- Case report
- Open Access
Intramucosal adenocarcinoma of the ileum originated 40 years after ileosigmoidostomy
World Journal of Surgical Oncologyvolume 7, Article number: 41 (2009)
Small bowel adenocarcinomas (SBAs) are rare carcinomas. They are asymptomatic and usually neither endoscopy nor contrast studies are performed for screening
A 72-year-old Japanese male had a positive fecal occult blood test at a regular check-up in 2006. He suffered appendicitis and received an ileosigmoidostomy in 1966. A colonoscopy revealed an irregular mucosal lesion with an unclear margin at the ileum side of the anastomosis. A mucosal biopsy specimen showed adenocarcinoma histopathologically. Excision of the anastomosis was performed for this patient. The resected specimen showed a flat mucosal lesion with a slight depression at the ileum adjacent to the anastomosis. Histological examination revealed a well differentiated intramucosal adenocarcinoma (adenocarcinoma in situ). Immunohistological staining demonstrated the overexpression of p53 protein in the adenocarcinoma.
Adenocarcinoma of the ileum at such an early stage is a very rare event. In this case, there is a possibility that the ileosigmoidostomy resulted in a back flow of colonic stool to the ileum that caused the carcinogenesis of the small intestine.

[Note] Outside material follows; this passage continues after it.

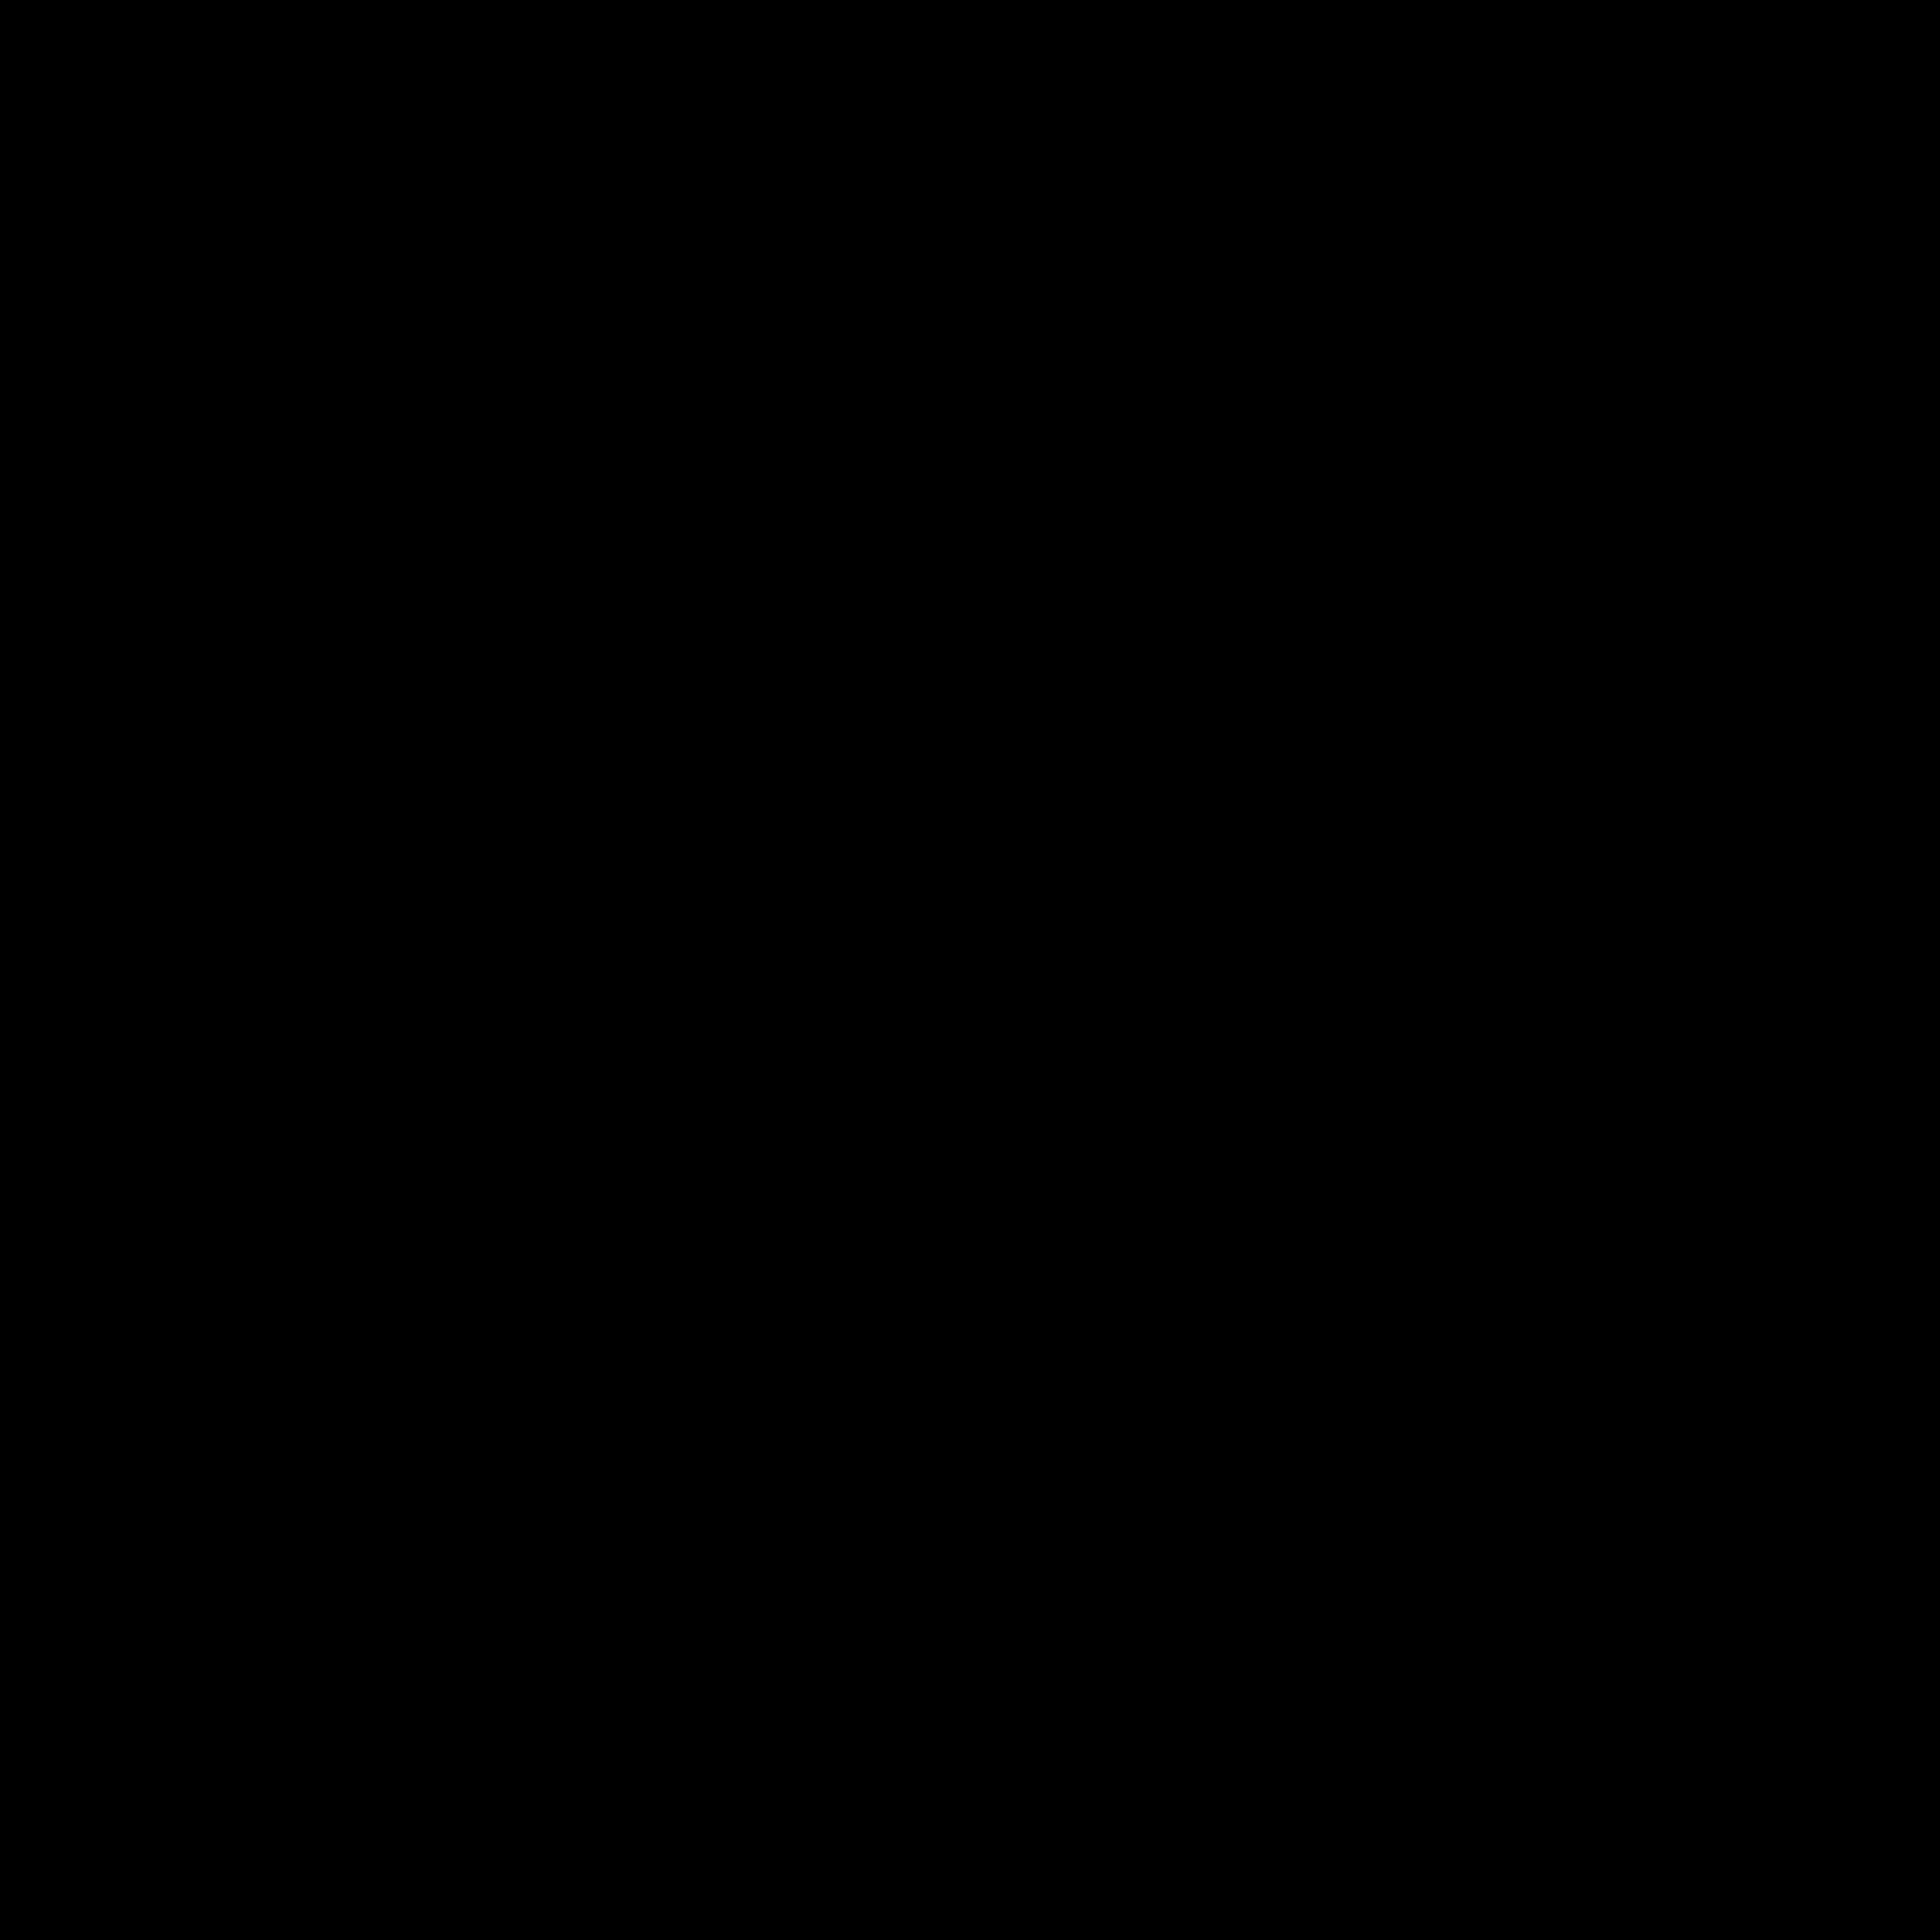 Freytags florist summer arrangement austin tx
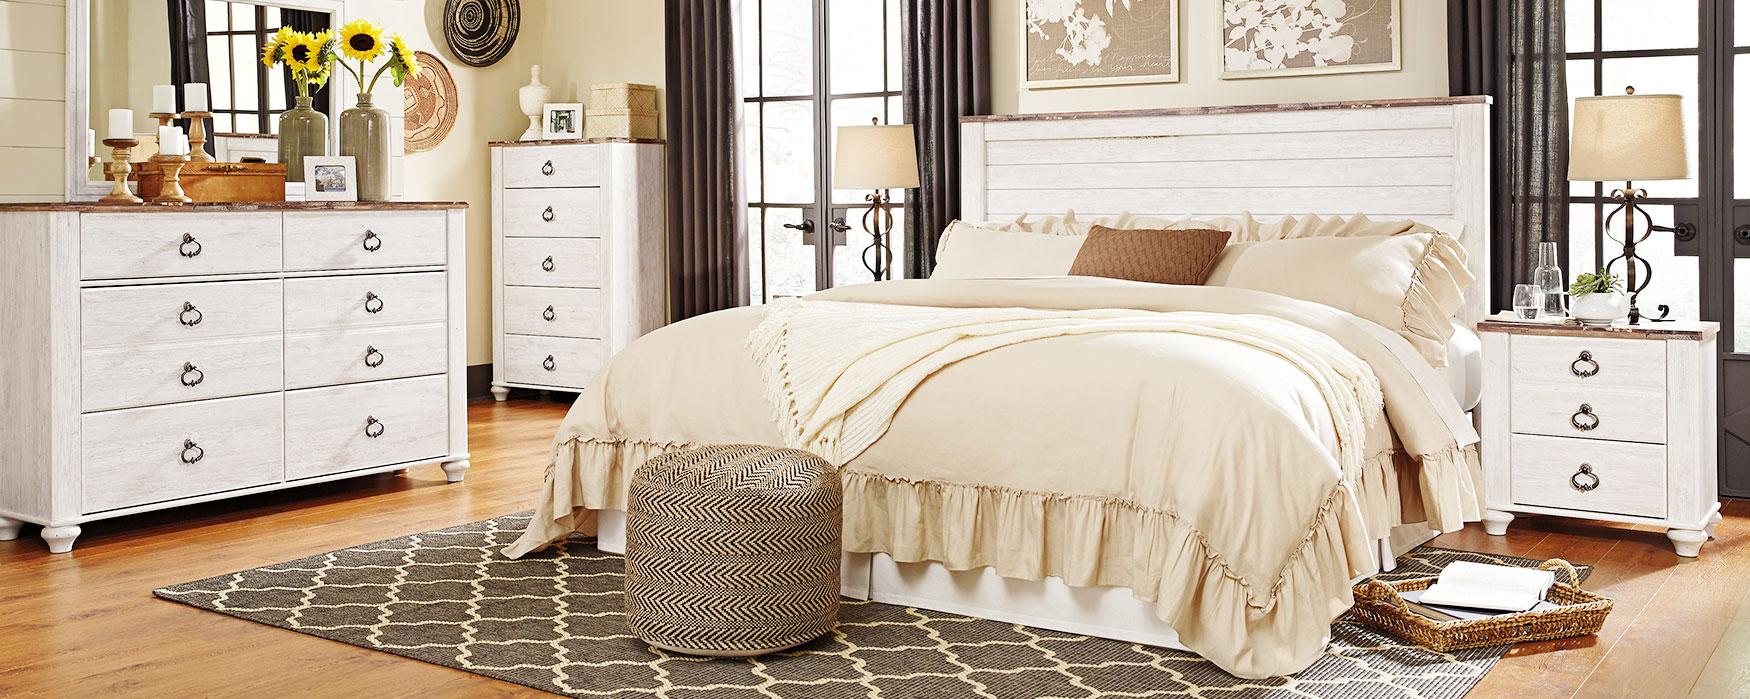 Jaxco Mattress Bedroom Living Room Furniture Store In

Small bowel adenocarcinomas (SBAs) are rare carcinomas. They are asymptomatic and usually neither endoscopy nor contrast studies are performed for screening. Most of SBAs are detected at the advanced stage. Early stage SBAs are extremely rare cases.
We report a case of an intramucosal adenocarcinoma (adenocarcinoma in situ) of the ileum mucosa an ileosigmoidostomy. A few cases with adenocarcinoma in situ of small bowel have been reported . There is no report of an adenocarcinoma of the ileum following the ileocolonostomy in the literature.
A Japanese male suffered severe appendicitis and received an ileosigmoidostomy without appendectomy in 1966. A prostatectomy was performed for benign prostate hypertrophy at the age of 67. He also received medical treatment for hypertension. A regular check-up in August 2006, when the patient was 72 years of age, revealed a positive fecal occult blood test. A colonoscopy was conducted by his family practitioner and an irregular mucosal lesion with an unclear margin was detected at the ileum mucosa adjacent to the anastomosis. Histological examination of a mucosal biopsy revealed a well differentiated adenocarcinoma. He was then referred to our hospital in October 2006.
He showed no abdominal complaints upon admission. Physical examination showed no abnormal findings other than the operation scar from the bypass operation. Carcinoembryonic antigen (CEA) and carbohydrate antigen 19-9 (CA 19-9) were within the normal range. We conducted another colonoscopy and identified an ileo-colonic anastomosis 28 cm from the anal verge. It showed an irregular mucosal surface with a diameter of 4 cm at the ileum (Fig. 1). Histological analysis of the mucosal biopsy showed a well differentiated adenocarcinoma of the ileum. A small bowel series and a large bowel series revealed an ileosigmoidostomy in the right lower abdomen. Abdominal computed tomography showed an area with mild thickening in the intestine below the right lower abdominal wall. There was no finding of lymph node swelling or liver metastases.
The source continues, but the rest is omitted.